This scraper pulls structured, high-quality auction data from Drouot.com, one of Europe’s most active art marketplaces. It captures catalog details, bidding information, artwork metadata, and seller info directly from listing or search URLs—ideal for analysts, collectors, dealers, and art-market intelligence platforms.
Created by Bitbash, built to showcase our approach to Scraping and Automation!
If you are looking for Drouot Scraper you've just found your team — Let's Chat. 👆👆
The project automates the extraction of detailed auction listings from Drouot, transforming scattered catalog pages into clean, structured JSON.
It solves the difficulty of gathering consistent pricing ranges, lot descriptions, and auction statuses manually and supports anyone studying trends or building valuation tools.
- Complete artwork and lot metadata
- Pricing ranges, bidding activity, and auction status
- Images and catalog references
- Seller and contact information
- Scalable crawling for long catalog lists
| Feature | Description |
|---|---|
| Artwork Metadata Extraction | Retrieves lot names, descriptions, categories, edition notes, signatures, provenance, and more. |
| Auction Data Capture | Extracts estimate ranges, bidding levels, reserve price info, and auction timing. |
| Image Collection | Saves all artwork images including the main catalog image. |
| Seller Information | Pulls seller or auction house contact details. |
| Search-URL Crawling | Works from any listing or search page to fetch multiple lots at once. |
| Structured JSON | Clean output ready for databases, pricing models, or dashboards. |
| Field Name | Field Description |
|---|---|
| lot_number | SKU / lot identifier for the artwork. |
| title | Artwork or object name. |
| description | Full catalog description including technique, condition, and notes. |
| category | Classification (e.g., Painting, Sculpture, Photography). |
| images | Array of all extracted image URLs. |
| main_image | Primary catalog image. |
| estimate_low | Lower price estimate. |
| estimate_high | Higher price estimate. |
| current_bid | Current highest bid if available. |
| next_bid | Required next bid amount. |
| reserve_met | Indicates if the reserve price was met. |
| auction_type | Online or live auction. |
| auction_status | Status such as ongoing, closed, or upcoming. |
| start_time | Auction start timestamp. |
| end_time | Auction end timestamp. |
| seller_name | Auction house or seller. |
| seller_contact | Contact details extracted from the catalog page. |
[
{
"lot_number": "153",
"title": "Bernard Buffet — Nature morte au vase",
"description": "Oil on canvas, signed and dated 1963. Good condition. Provenance noted.",
"category": "Peinture",
"images": [
"https://example.com/img1.jpg",
"https://example.com/img2.jpg"
],
"main_image": "https://example.com/img1.jpg",
"estimate_low": 12000,
"estimate_high": 18000,
"current_bid": 14500,
"next_bid": 15000,
"reserve_met": true,
"auction_type": "online",
"auction_status": "in progress",
"start_time": "2024-05-12T09:00:00Z",
"end_time": "2024-05-19T18:00:00Z",
"seller_name": "Maison de Ventes Dupont",
"seller_contact": "+33 1 44 22 00 00"
}
]
drouot-scraper/
├── src/
│ ├── main.js
│ ├── crawler/
│ │ ├── playwright_engine.js
│ │ ├── pagination.js
│ │ └── extractors.js
│ ├── utils/
│ │ ├── logger.js
│ │ ├── formatting.js
│ │ └── validator.js
│ └── config/
│ └── input_schema.json
├── data/
│ ├── sample_input.json
│ └── sample_output.json
├── Dockerfile
├── package.json
└── README.md
- Art market analysts track pricing trends, estimate accuracy, and bidding behavior.
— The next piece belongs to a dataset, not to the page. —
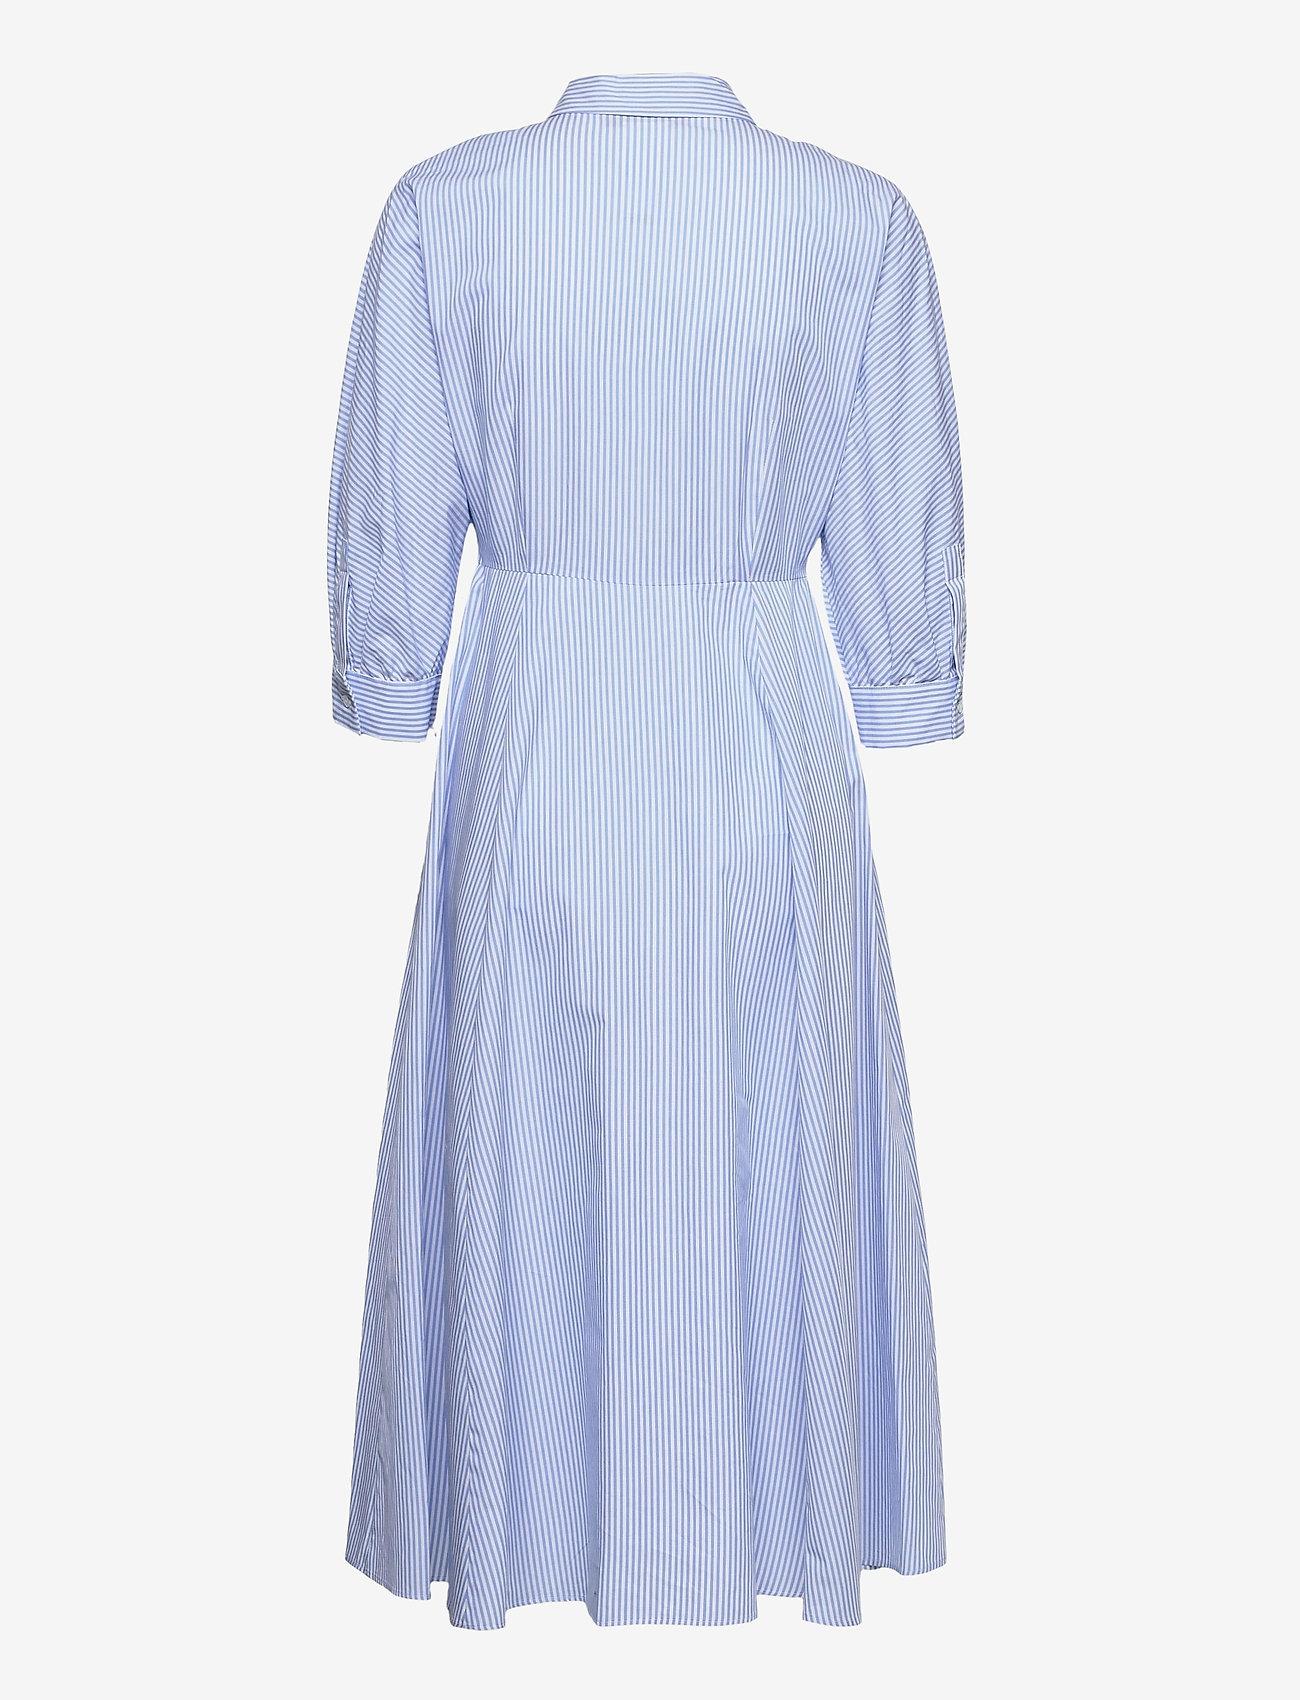 Max&Co. - CARLO - zomerjurken - light blue pattern - 1

- Auction houses compare their catalogs with competitors and monitor artist popularity.
- Dealers and collectors evaluate artworks, provenance, and historical bidding patterns.
- Data platforms enrich valuation tools and price databases with structured auction insights.
- Researchers study trends across categories, artists, or sale cycles.
Can it scrape entire auction catalogs?
Yes—when given a search or category URL, it crawls all available lots.
Does it retrieve high-resolution images?
It extracts all image URLs; quality depends on what Drouot provides.
What if a page has missing pricing info?
Fallback extraction rules keep the JSON structure stable even with incomplete fields.
Can this be used for real-time bidding analysis?
It captures current bids and status but is not meant for automated bidding systems.
Primary Metric:
Efficiently crawls dozens of catalog lots per minute while preserving detailed metadata.
Reliability Metric:
Consistently handles mixed content formats and varying catalog layouts.
Efficiency Metric:
Optimized Playwright workflows reduce page-load overhead for large search crawls.
Quality Metric:
High metadata completeness with robust parsing for images, pricing, and auction states.